Task statement:
For the data below, transcribe the part that opens with the line containing "Reqif Studio Mac Download" and closes with the line containing "Coronavirus: Erste Gesichtsmaske", exactly and with no pictures.

Data to process:

......

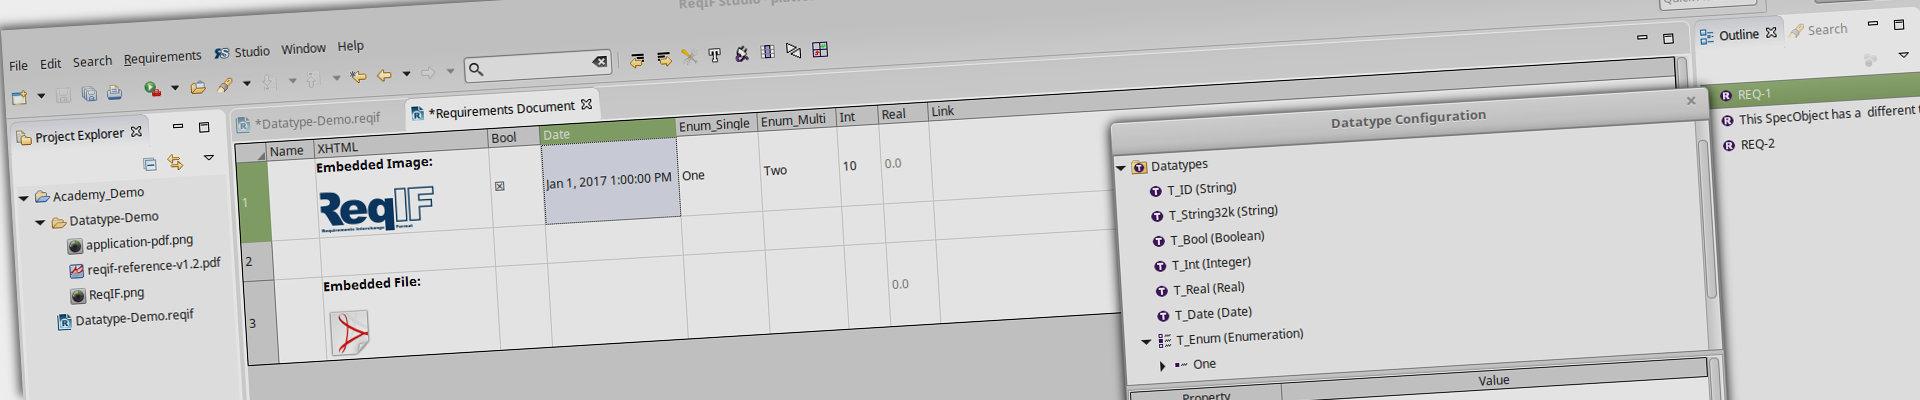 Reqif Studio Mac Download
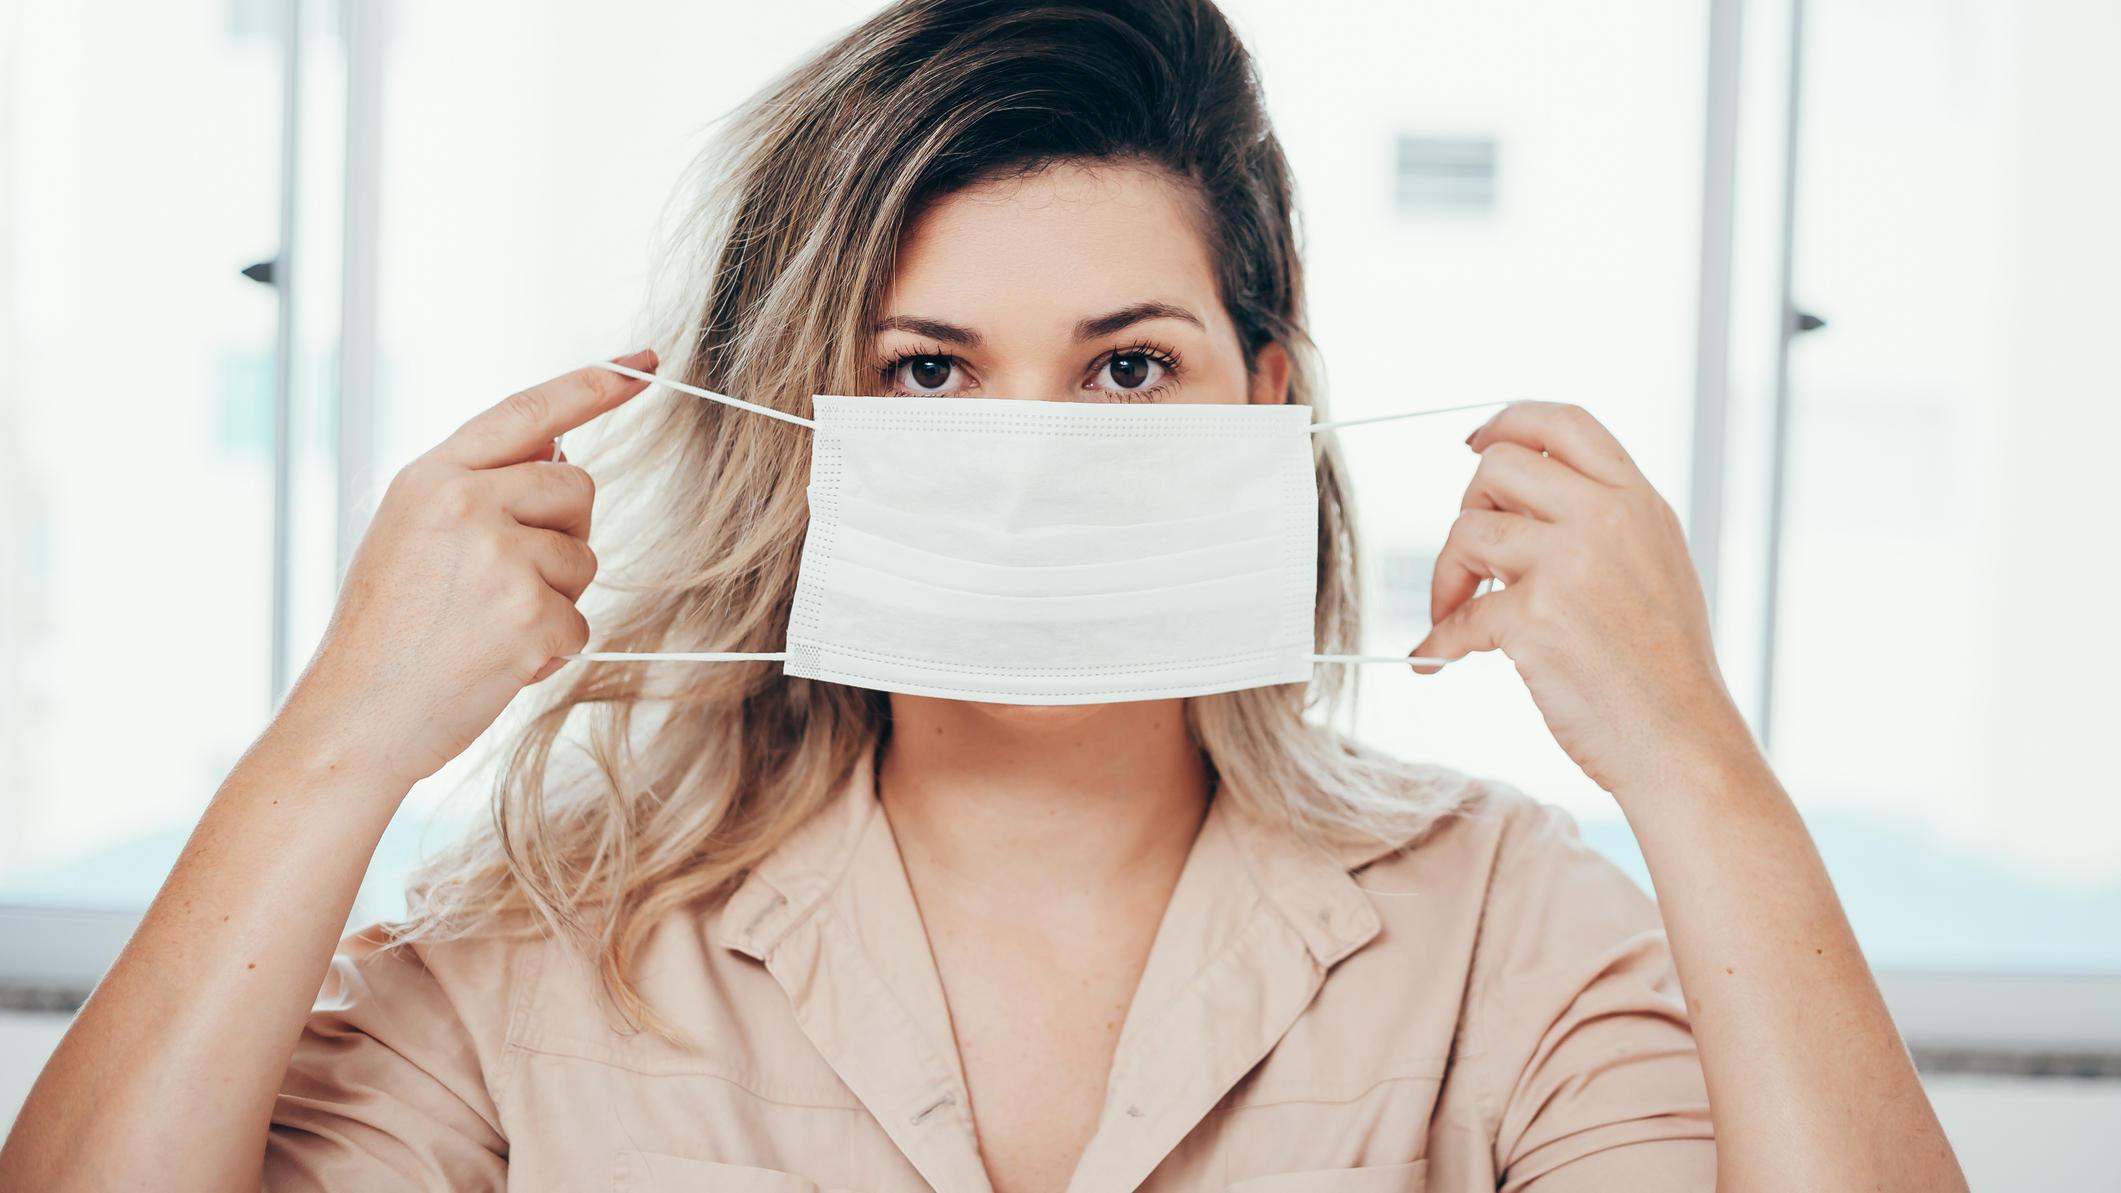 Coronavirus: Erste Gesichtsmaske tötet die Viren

......

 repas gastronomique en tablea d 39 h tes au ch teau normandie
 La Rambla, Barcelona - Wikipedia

......

Task answer:
 Reqif Studio Mac Download
 Coronavirus: Erste Gesichtsmaske tötet die Viren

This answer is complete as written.